There’s a common denominator to most the falls I’ve taken in last few years: I catch the toe of my trailing foot and that sends me down. Today I had a few instances where I kicked the rock when I brought me trailing foot through. Instead of telling myself to pick up me feet, I found it more useful to tell myself to raise my toes so that I land with a very pronounced heel strike. When I remembered to do that, it seemed to help. So I’m going to try to be more mindful of my foot strikes in the hopes of remaining vertical for the rest of the trip.
I noticed just now as I checked the schedule on the TV in the room that the plan has changed from what it was a few hours ago. They had a specific landing site picked out and now it just says ‘Devon Island.’ I think we will be booting it for Greenland to stay out of the worst of the winds that are supposed to come in the next few days. As Chris, our expedition leader said at the briefing tonight, “This is not a bus tour.” We were finally able to set foot on Beechey and that’s a major win.

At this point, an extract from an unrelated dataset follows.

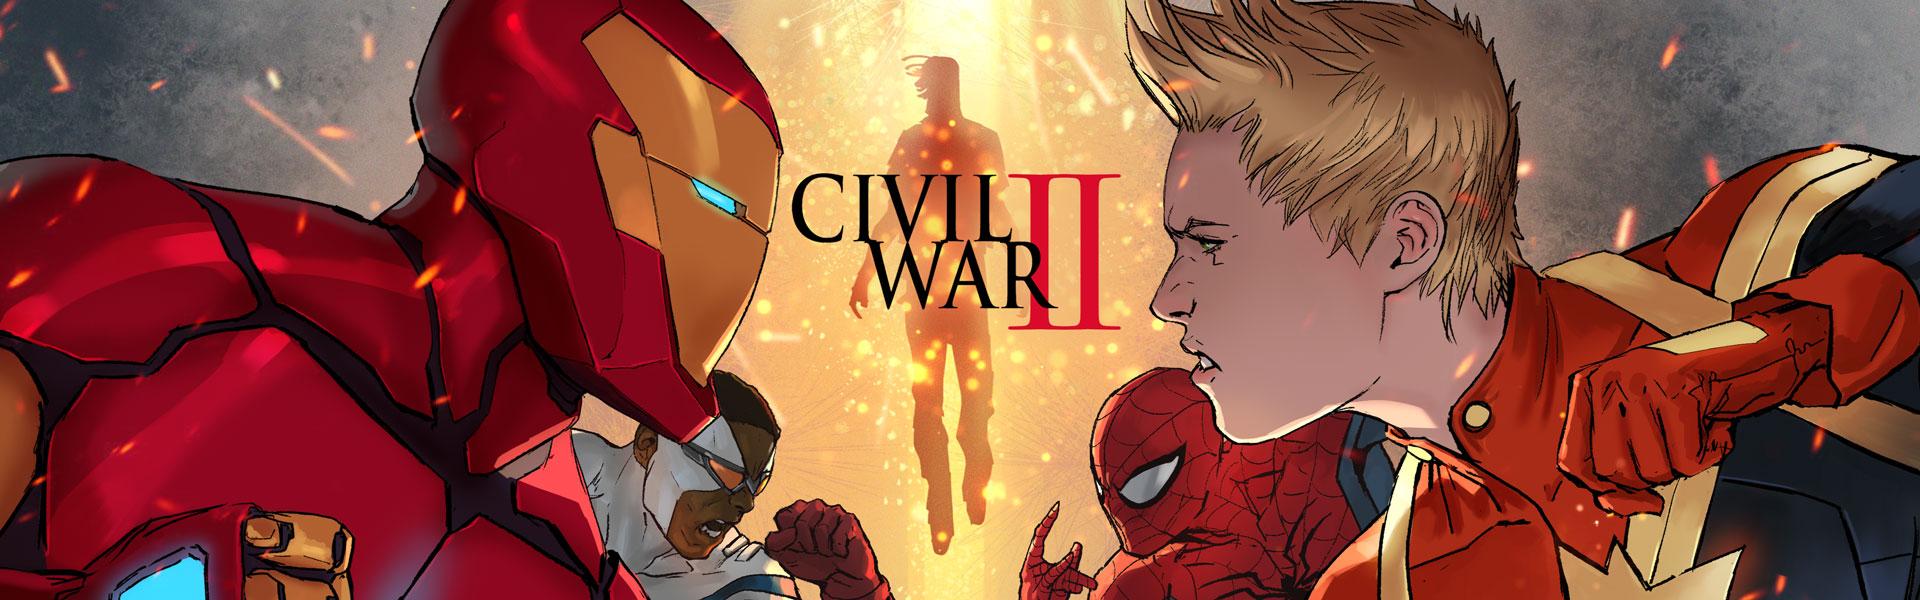 Civil War 2 : les premiers détails du comics à venir

One last thing of note: Marc St. Onge, the geologist, is involved in a project that is trying to narrow down the route Franklin took in the north by matching samples of rocks retrieved from the collection on the Erebus, with rocks from various locations on our route. The partners in this work are The Geological Survey of Canada, Parks Canada, and Adventure Canada. He couldn’t tell us locations because he has signed a non-disclosure agreement that’s binding until the research has been published and peer reviewed, but he did say that as a result of the work last year and this year, there are four new data points on Franklin’s route. A few times this trip two zodiacs have been launched with the purpose of getting to a specific place to collect rock samples. This really is not a bus tour!